• Data shown:
^^^^^^^^^^^^^^^^

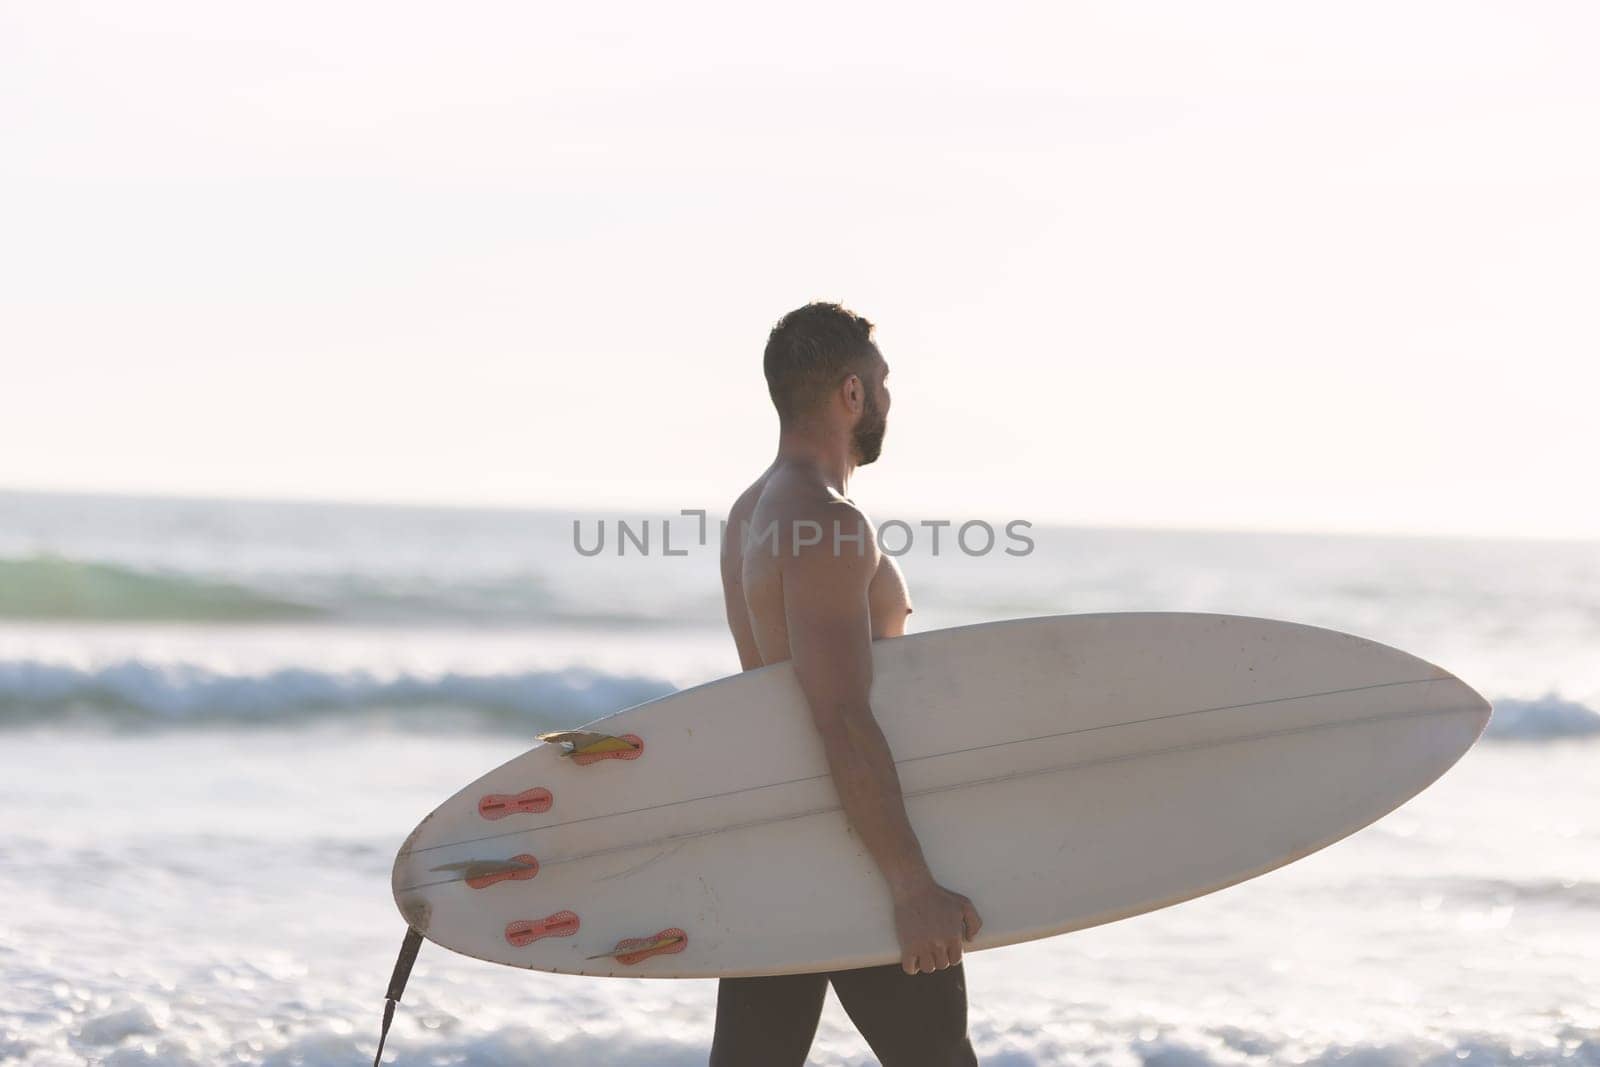 A man surfer with naked torso walking on the seashore. Mid shot
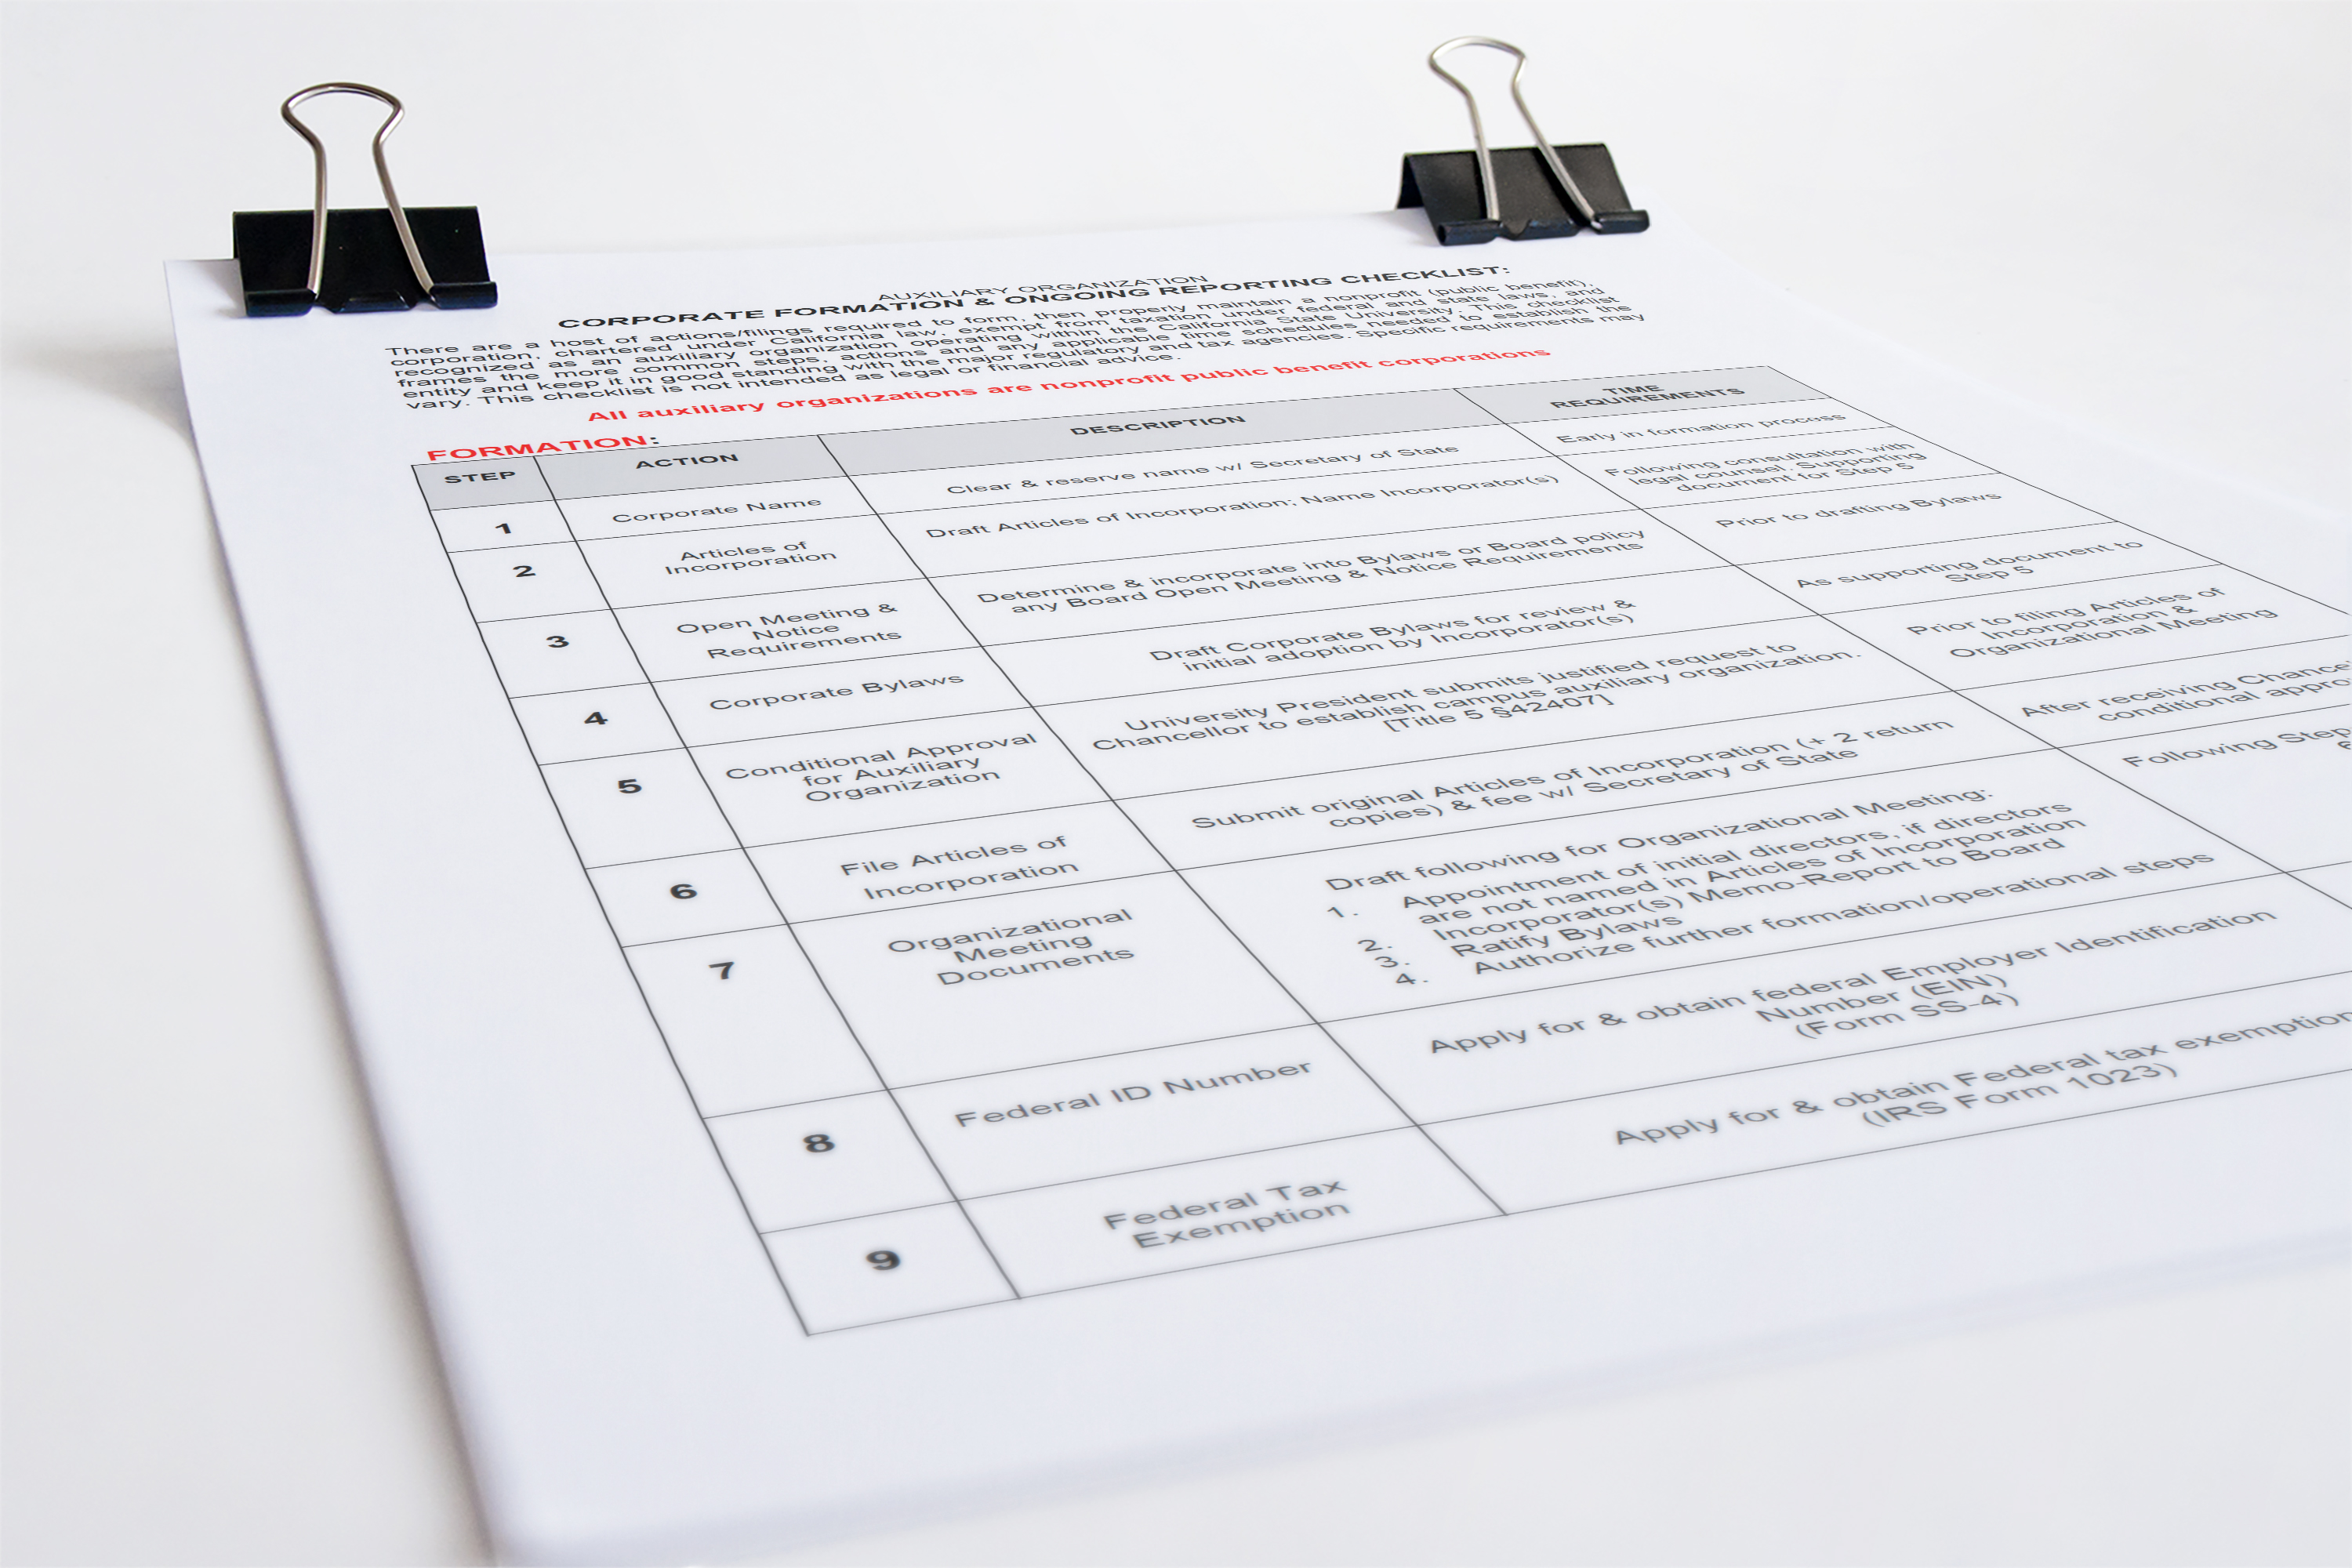 AoA business reporting checklist
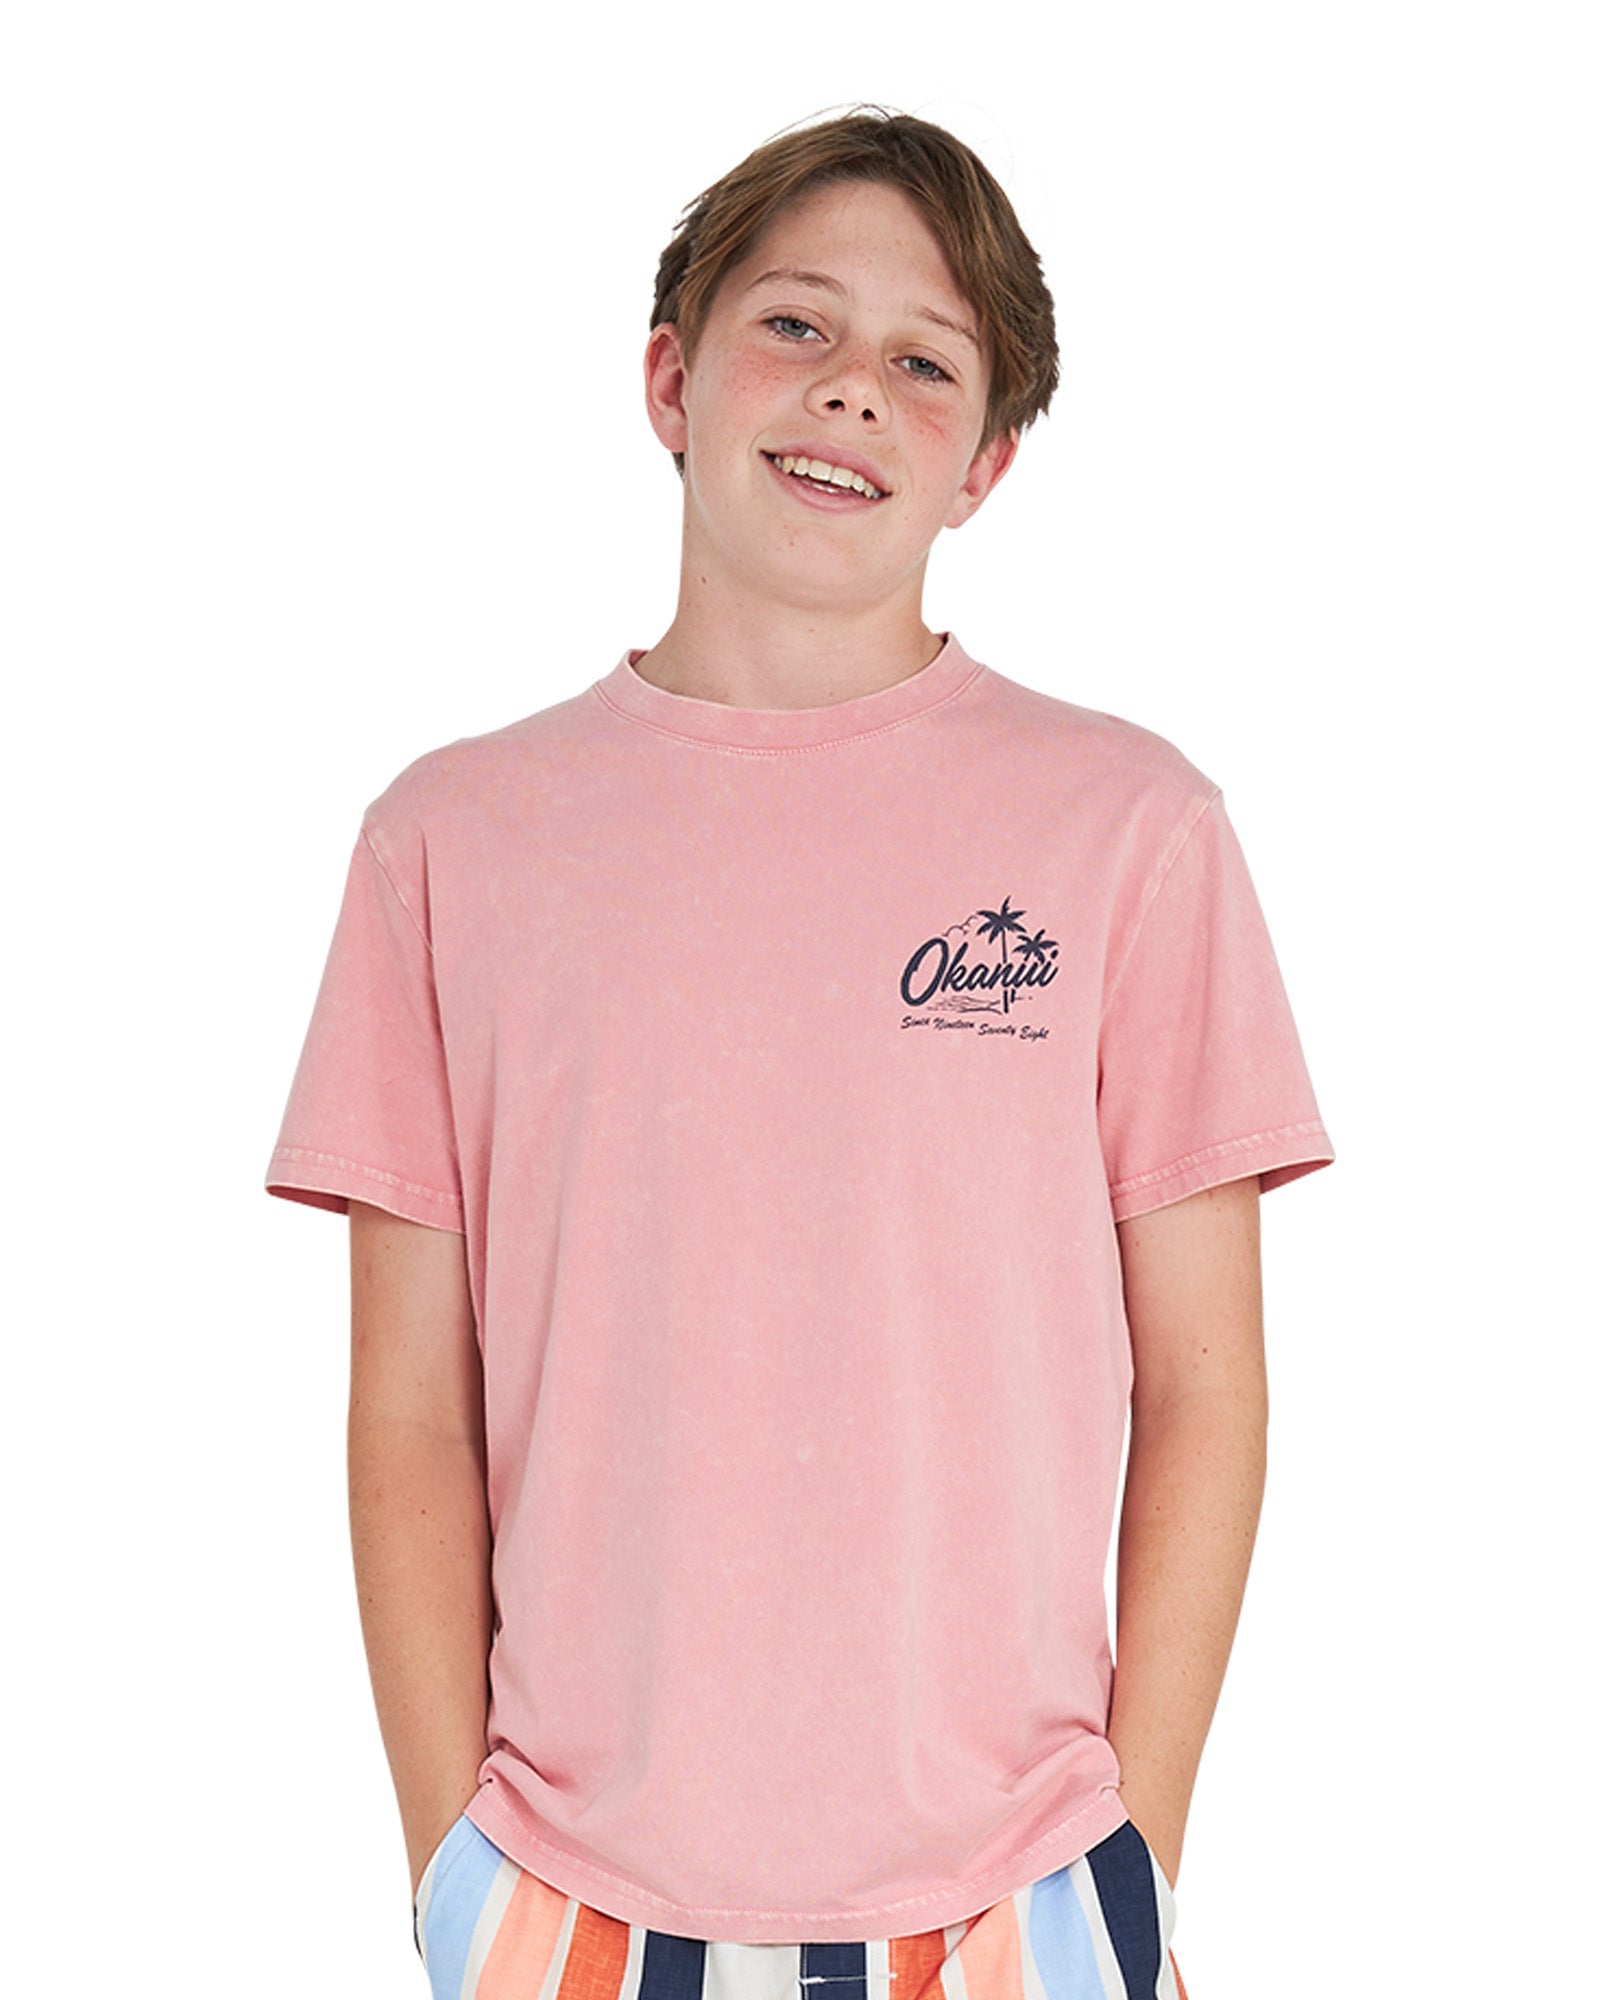 Boys - T-Shirt - Postcards - Washed Pink

^^^^^^^^^^^^^^^^

• Work item: Please print exactly the lines running from the line with "AoA business reporting checklist" through the final line of the material, and nothing more. Keep pictures out.

• The answer:
 AoA business reporting checklist
 Boys - T-Shirt - Postcards - Washed Pink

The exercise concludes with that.